ACTION ITEM
Only the lines from the one containing "Cloud Nine White Gold Slim Diamond Ring" through the last line of the data below belong in your answer, copied exactly and without pictures.

EXERCISE DATA
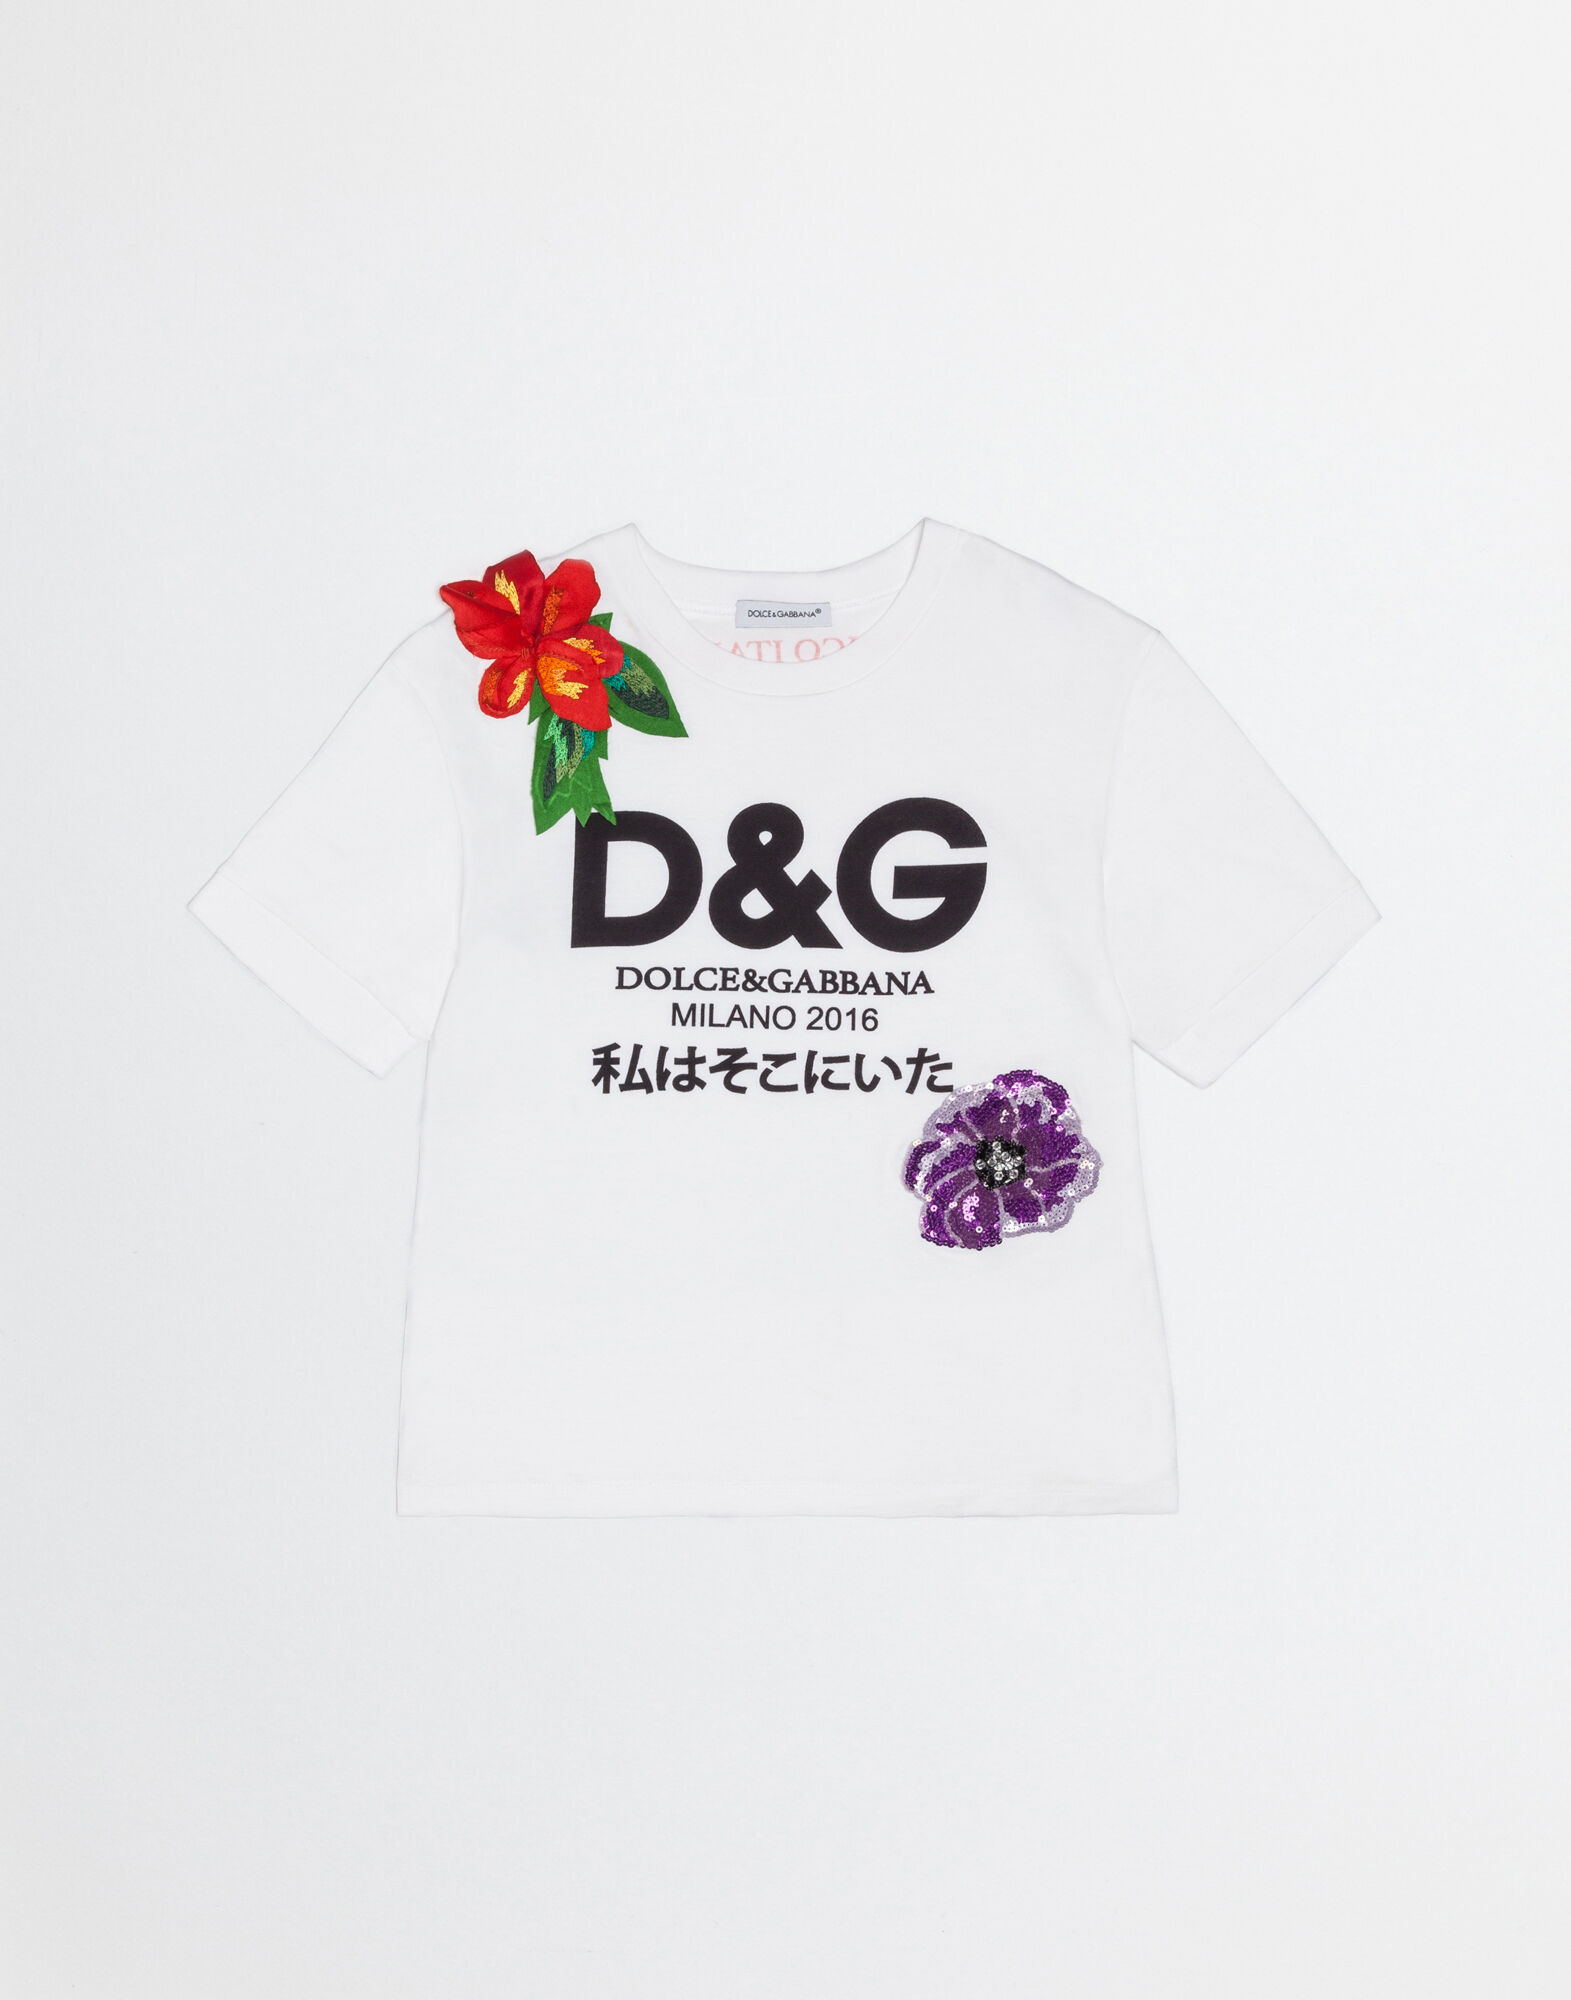 T shirt japanese design -  T Shirt With Io C Ero Print In Japanese
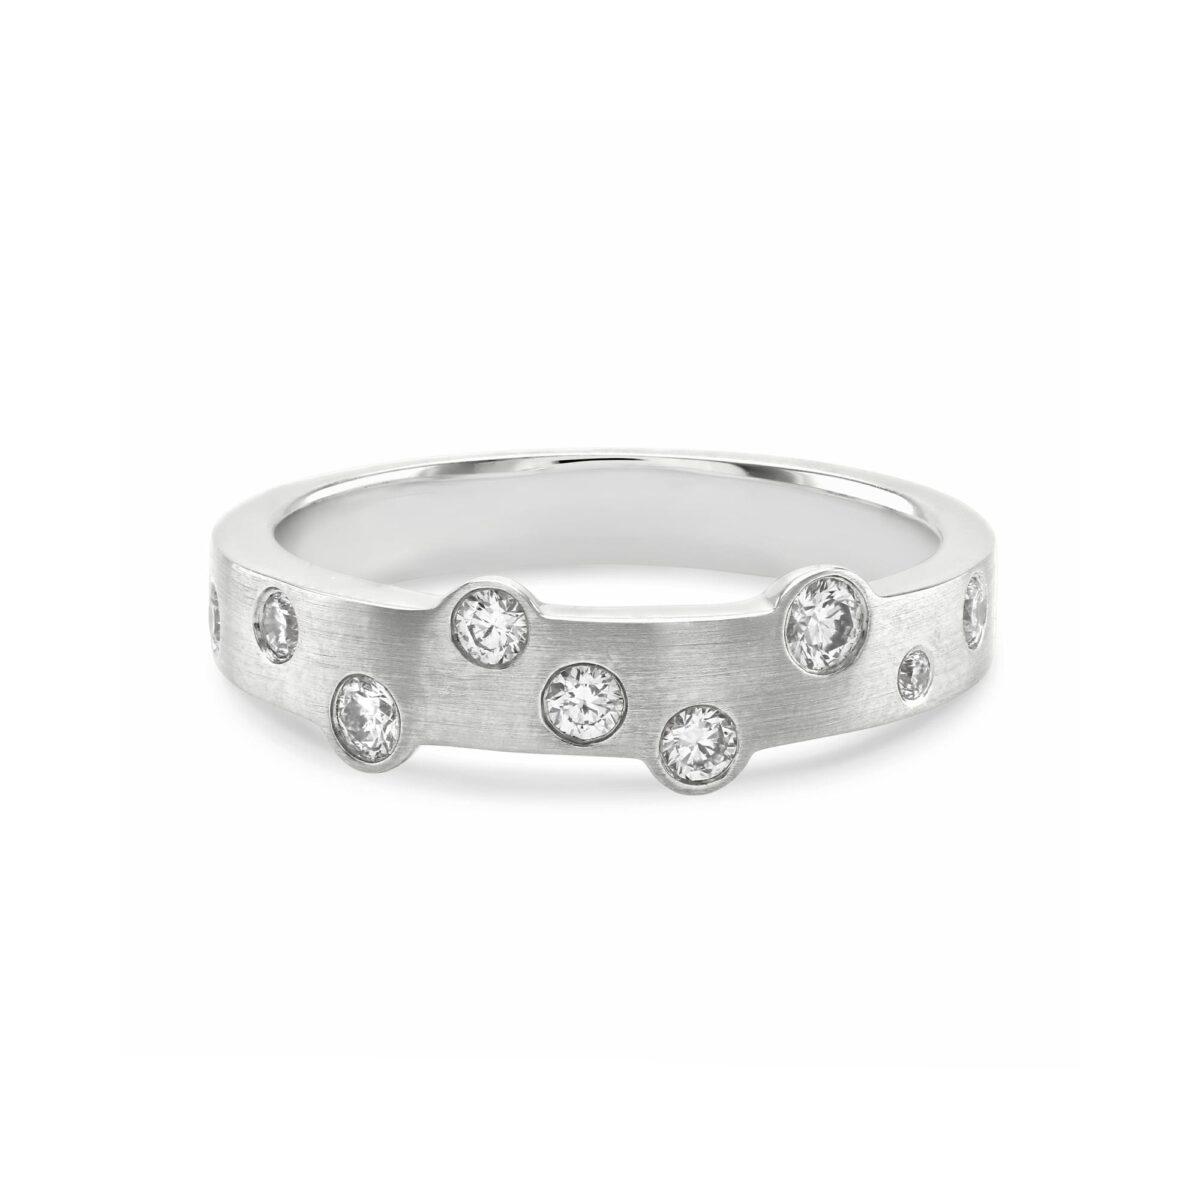 Cloud Nine White Gold Slim Diamond Ring
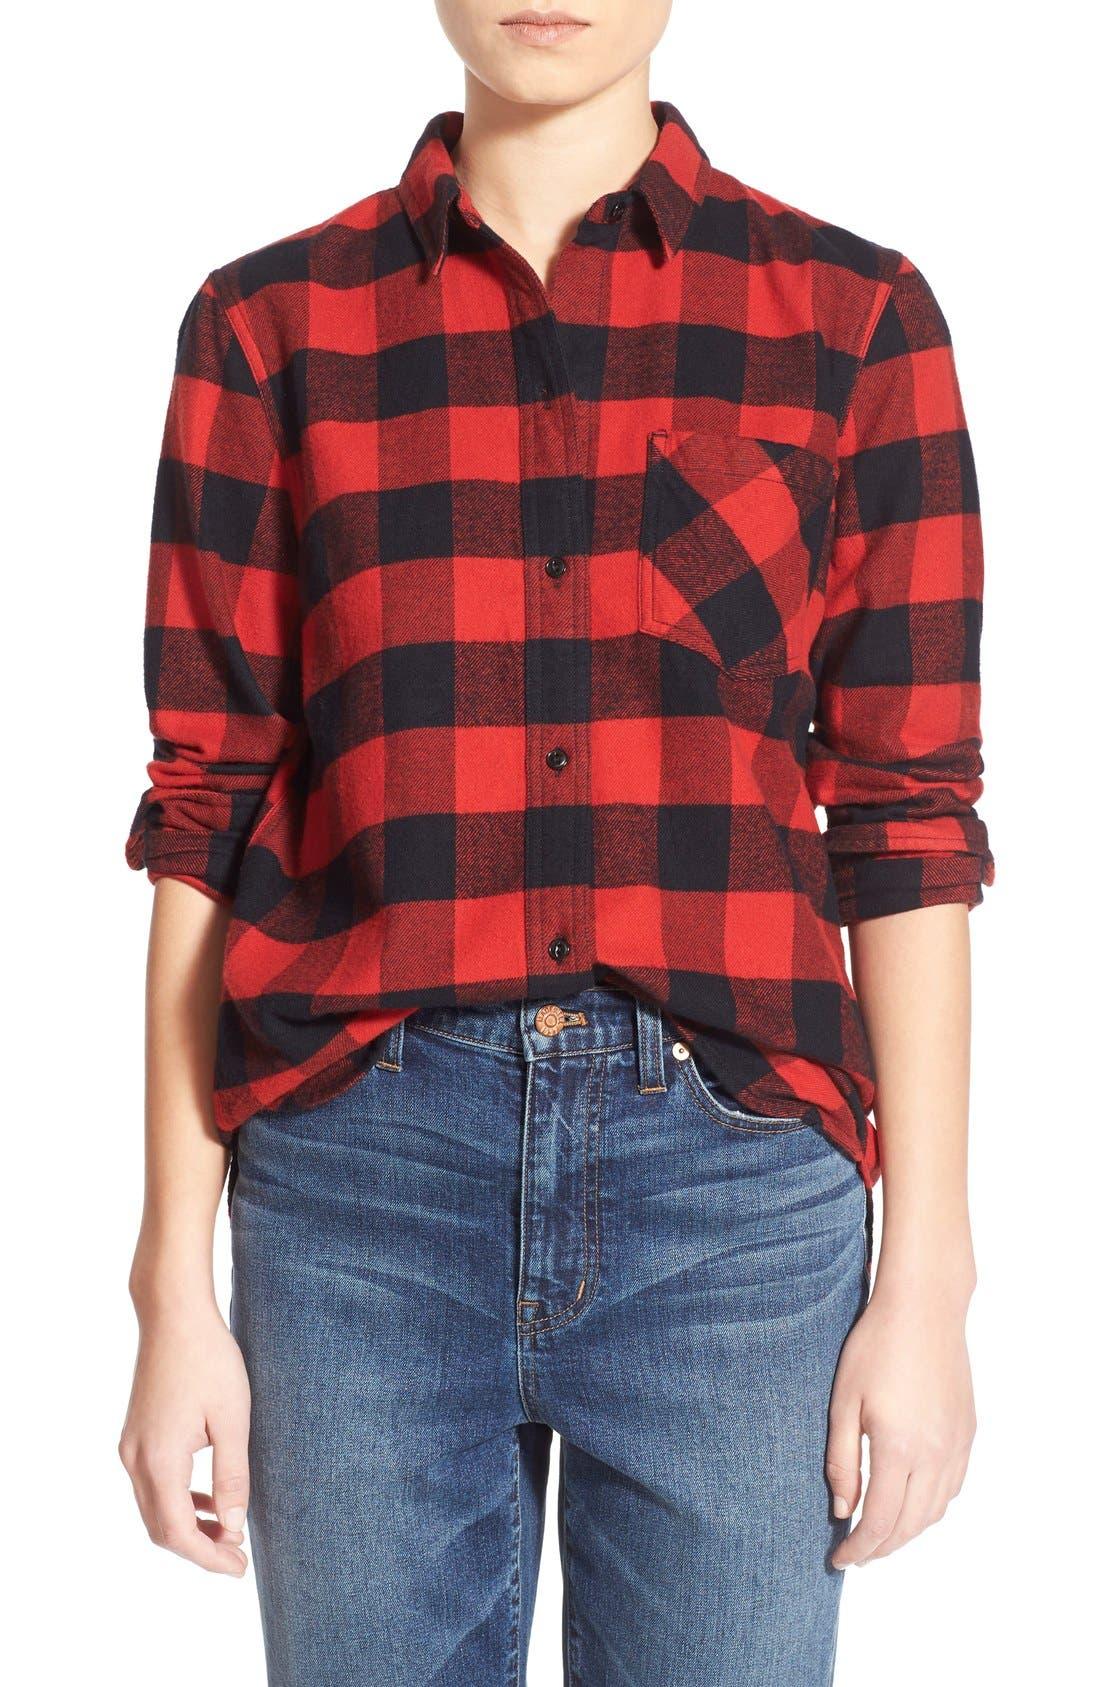 Main Image - Madewell 'Ex Boyfriend' Buffalo Check Shirt

RESPONSE TO THE EXERCISE
 Cloud Nine White Gold Slim Diamond Ring
 Main Image - Madewell 'Ex Boyfriend' Buffalo Check Shirt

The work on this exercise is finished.